I often wonder if a man can be a great leader, and be utterly devoid of humor. When Zinoviev says anything clever he is not even aware of it and invariably spoils it by a second act.
During the Kronstadt uprising the Esthonian government, with its wish father to its thought, sent a wire to Petrograd which read: “What sort of government have you in Petrograd?” And Zinoviev replied: “The same government that has been here since 1917.”
If he could only have stopped at that one sentence he might have been able to lead a world revolution, or at least catch the imagination of the workers. Instead he insisted upon being didactic. He wired page after page, delivering an orthodox Marxian lecture! But the International is not without men of talent and daring. There are men under Zinoviev—Italians, Frenchmen, Germans, Bulgarians, Americans, with real fire and ability.
Bucharin, editor of Pravda, is by far the most brilliant of the Russians. No matter how much one may disagree with Bucharin, one must concede his brilliancy. The Letts have an exceptionally able group in the International. Some of these men were actually in power during the brief time that Latvia was “red.” The leader of the group is a stately old man called Stootchka. For four months he was President of Latvia.
PETER STOOTCHKA
Peter Stootchka is one of those advisers and assistants of Lenin that the world has not yet discovered. He is a man of capacious mind and one of Lenin’s closest friends. He is a lawyer by profession and for many years was the editor of a Lettish progressive paper in Riga. He was exiled to Siberia for some criticism of the Tsar’s government.
He was the first Commissioner of Justice under the Soviets and only resigned his post to accept one as President of Latvia. When Riga fell he went back to Moscow, took up quarters near Lenin in the Kremlin, and there he remains.

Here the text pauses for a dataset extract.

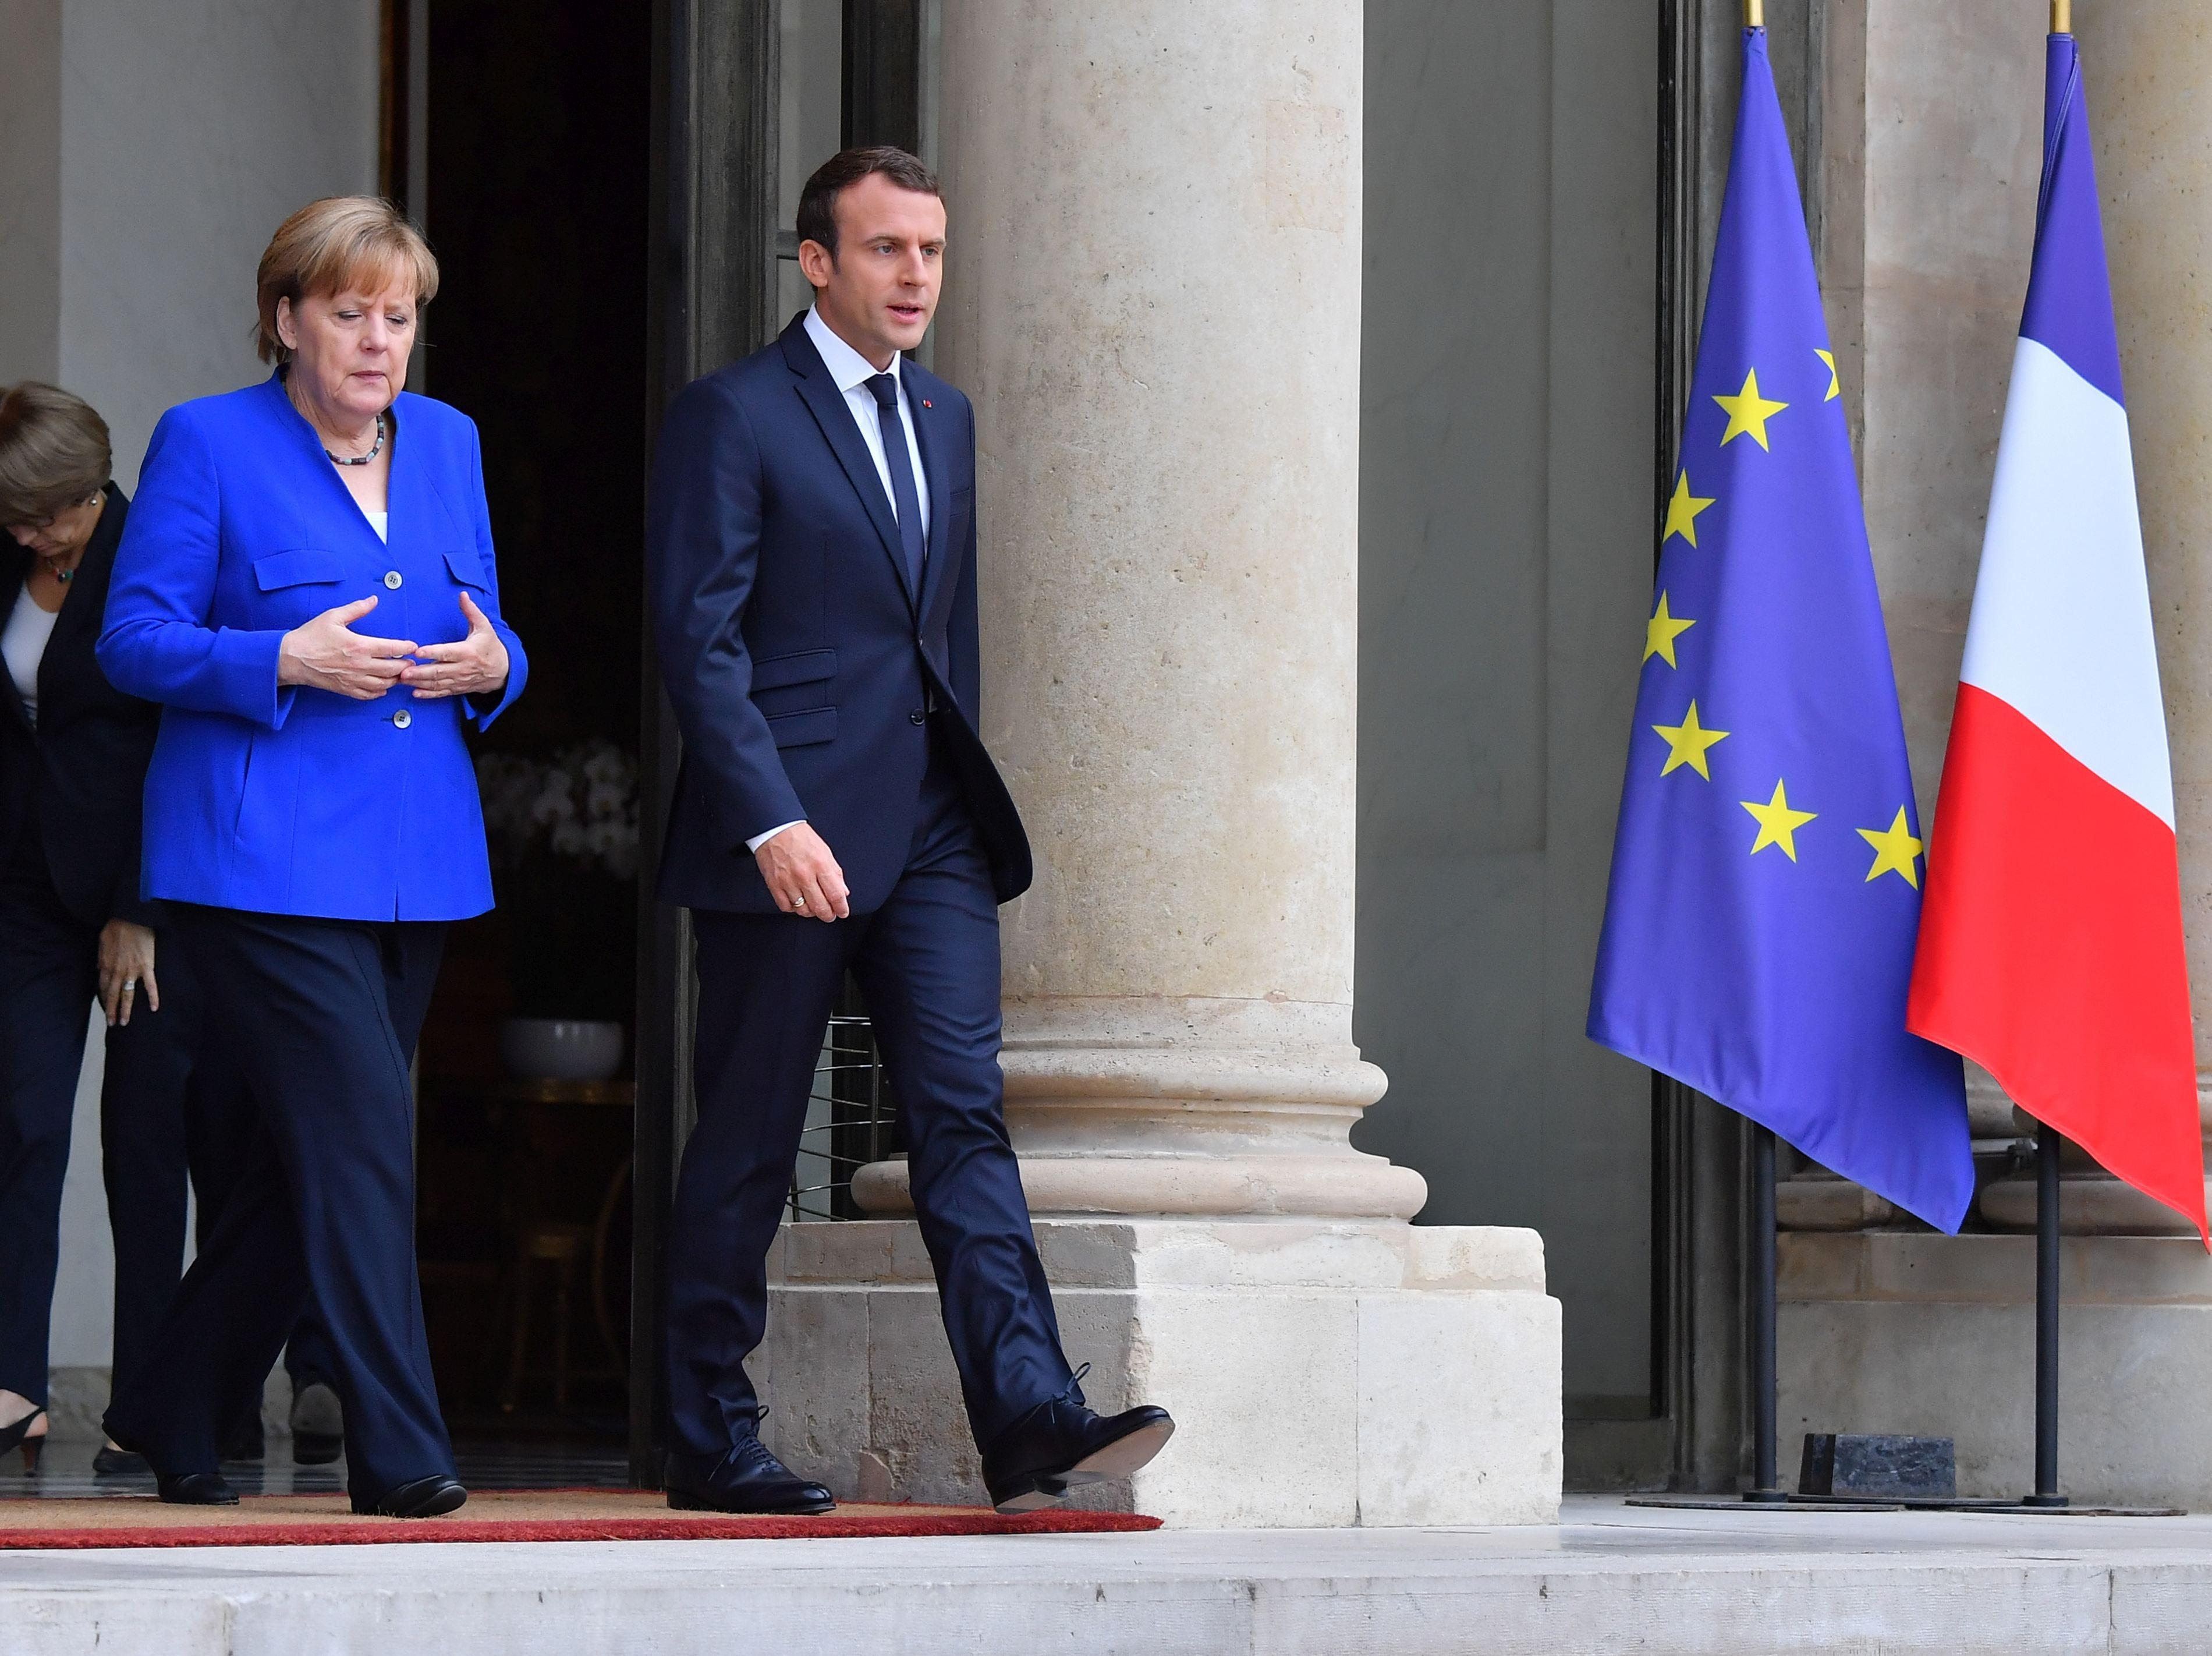 Emmanuel Macron a felicitat-o pe Angela Merkel pentru realegerea sa în funcţia de cancelar al Germaniei

It was Stootchka who wrote the Soviet constitution, as well as most of the present laws. Evidently he did not always find writing laws an easy task. He often confessed his inability to judge just how the personal and family life would grow up around the great economic change which had taken place. Stootchka is nearly seventy and he felt that he might be a little old-fashioned in regard to some matters, especially concerning marriage and divorce. In the end he left it for those most concerned to decide.